Programming Should Be About Transforming Data

If you come from an object-oriented world, then you are used to thinking in terms of classes and their instances. A class defines behavior, and objects hold state. Developers spend time coming up with intricate hierarchies of classes that try to model their problem, much as Victorian scientists created taxonomies of butterflies.

When we code with objects, we’re thinking about state. Much of our time is spent calling methods in objects and passing them other objects. Based on these calls, objects update their own state, and possibly the state of other objects. In this world, the class is king—it defines what each instance can do, and it implicitly controls the state of the data its instances hold. Our goal is data-hiding.

But that’s not the real world. In the real world, we don’t want to model abstract hierarchies (because in reality there aren’t that many true hierarchies). We want to get things done, not maintain state.

Right now, for instance, I’m taking empty computer files and transforming them into files containing text. Soon I’ll transform those files into a format you can read. A web server somewhere will transform your request to download the book into an HTTP response containing the content.

I don’t want to hide data. I want to transform it.

Combine Transformations with Pipelines

Unix users are accustomed to the philosophy of small, focused command-line tools that can be combined in arbitrary ways. Each tool takes an input, transforms it, and writes the result in a format the next tool (or a human) can use.

This philosophy is incredibly flexible and leads to fantastic reuse. The Unix utilities can be combined in ways undreamed of by their authors. And each one multiplies the potential of the others.

It’s also highly reliable—each small program does one thing well, which makes it easier to test.

There’s another benefit. A command pipeline can operate in parallel. If I write

 $ ​​grep​​ ​​Elixir​​ ​​*.pml​​ ​​|​​ ​​wc​​ ​​-l

the word-count program, wc, runs at the same time as the grep command. Because wc consumes grep’s output as it is produced, the answer is ready with virtually no delay once grep finishes.

Just to give you a taste of this, here’s an Elixir function called pmap. It takes a collection and a function, and returns the list that results from applying that function to each element of the collection. But…it runs a separate process to do the conversion of each element. Don’t worry about the details for now.

spawn/pmap1.exs
 defmodule​ Parallel ​do
 def​ pmap(collection, func) ​do
  collection
  |> Enum.map(&(Task.async(​fn​ -> func.(&1) ​end​)))
  |> Enum.map(&Task.await/1)
 end
 end

We could run this function to get the squares of the numbers from 1 to 1,000.

 result = Parallel.pmap 1..1000, &(&1 ​*​ &1)

And, yes, I just kicked off 1,000 background processes, and I used all the cores and processors on my machine.

The code may not make much sense, but by about halfway through the book, you’ll be writing this kind of thing for yourself.

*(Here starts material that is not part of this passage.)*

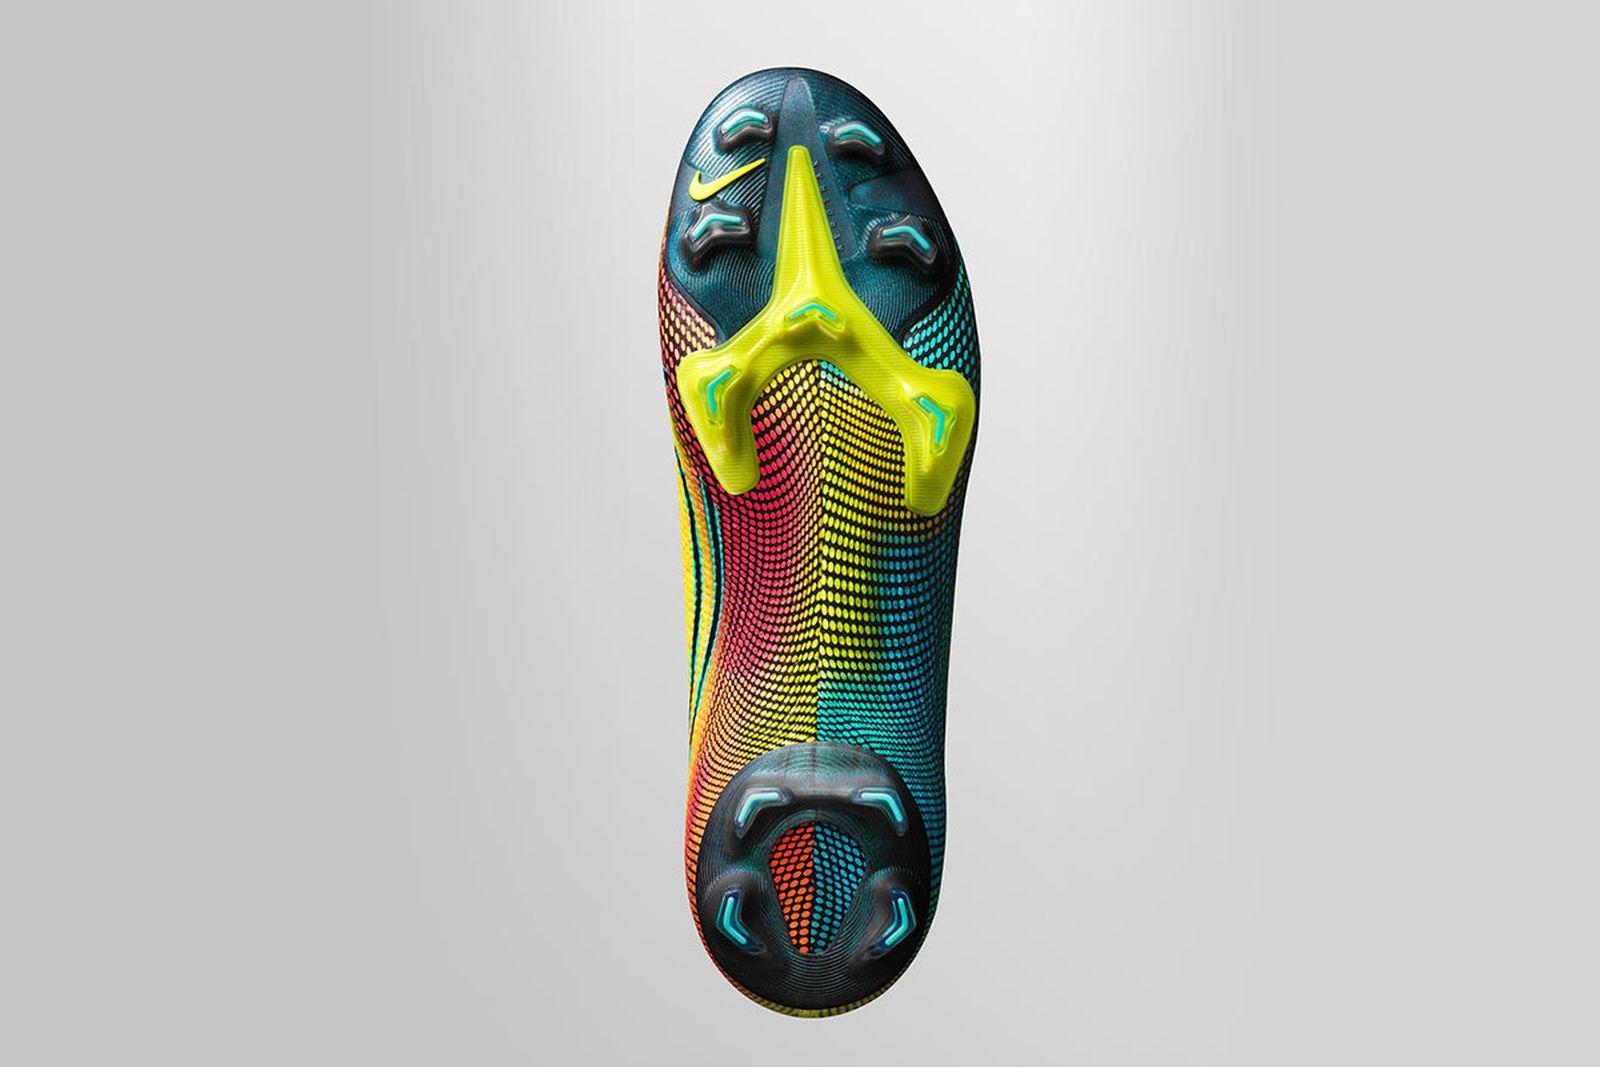 nike-mercurial-dream-speed-2-release-date-price-02
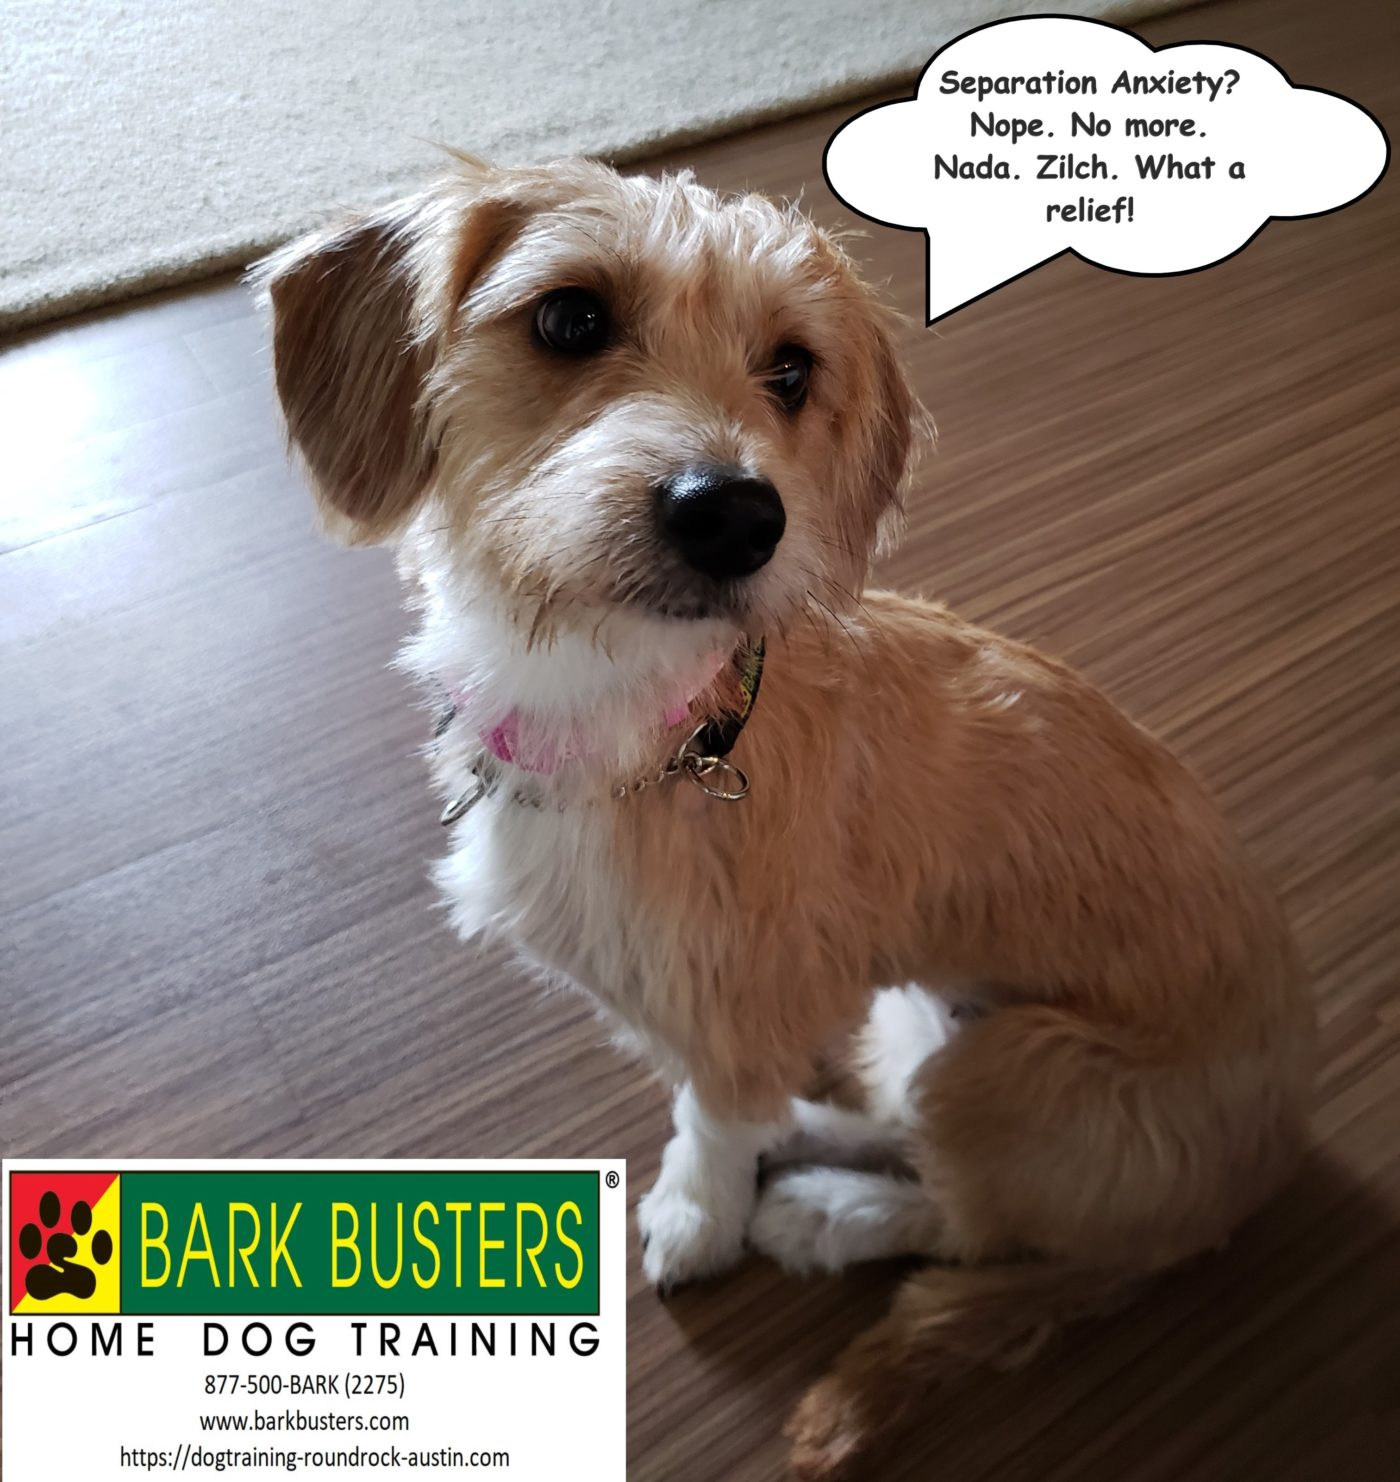 #terriertraining #dogsofbarkbusters #dogtrainingroundrock #dogtrainingeastaustin #separationanxiety #speakingdog

Functions Are Data Transformers

Elixir lets us solve the problem in the same way the Unix shell does. Rather than have command-line utilities, we have functions. And we can string them together as we please. The smaller—more focused—those functions, the more flexibility we have when combining them.

If we want, we can make these functions run in parallel—Elixir has a simple but powerful mechanism for passing messages between them. And these are not your father’s boring old processes or threads—we’re talking about the potential to run millions of them on a single machine and have hundreds of these machines interoperating. Bruce Tate commented on this paragraph with this thought: “Most programmers treat threads and processes as a necessary evil; Elixir developers feel they are an important simplification.” As we get deeper into the book, you’ll start to see what he means.

This idea of transformation lies at the heart of functional programming: a function transforms its inputs into its output. The trigonometric function sin is an example—give it π/4, and you’ll get back 0.7071. An HTML templating system is a function; it takes a template containing placeholders and a list of named values, and produces a completed HTML document.

But this power comes at a price. You’re going to have to unlearn a whole lot of what you know about programming. Many of your instincts will be wrong. And this will be frustrating, because you’re going to feel like a total n00b.

Personally, I feel that’s part of the fun. You didn’t learn, say, object-oriented programming overnight. You are unlikely to become a functional programming expert by breakfast, either.

But at some point things will click. You’ll start thinking about problems in a different way, and you’ll find yourself writing code that does amazing things with very little effort on your part. You’ll find yourself writing small chunks of code that can be used over and over, often in unexpected ways (just as wc and grep can be).

Your view of the world may even change a little as you stop thinking in terms of responsibilities and start thinking in terms of getting things done. And just about everyone can agree that will be fun.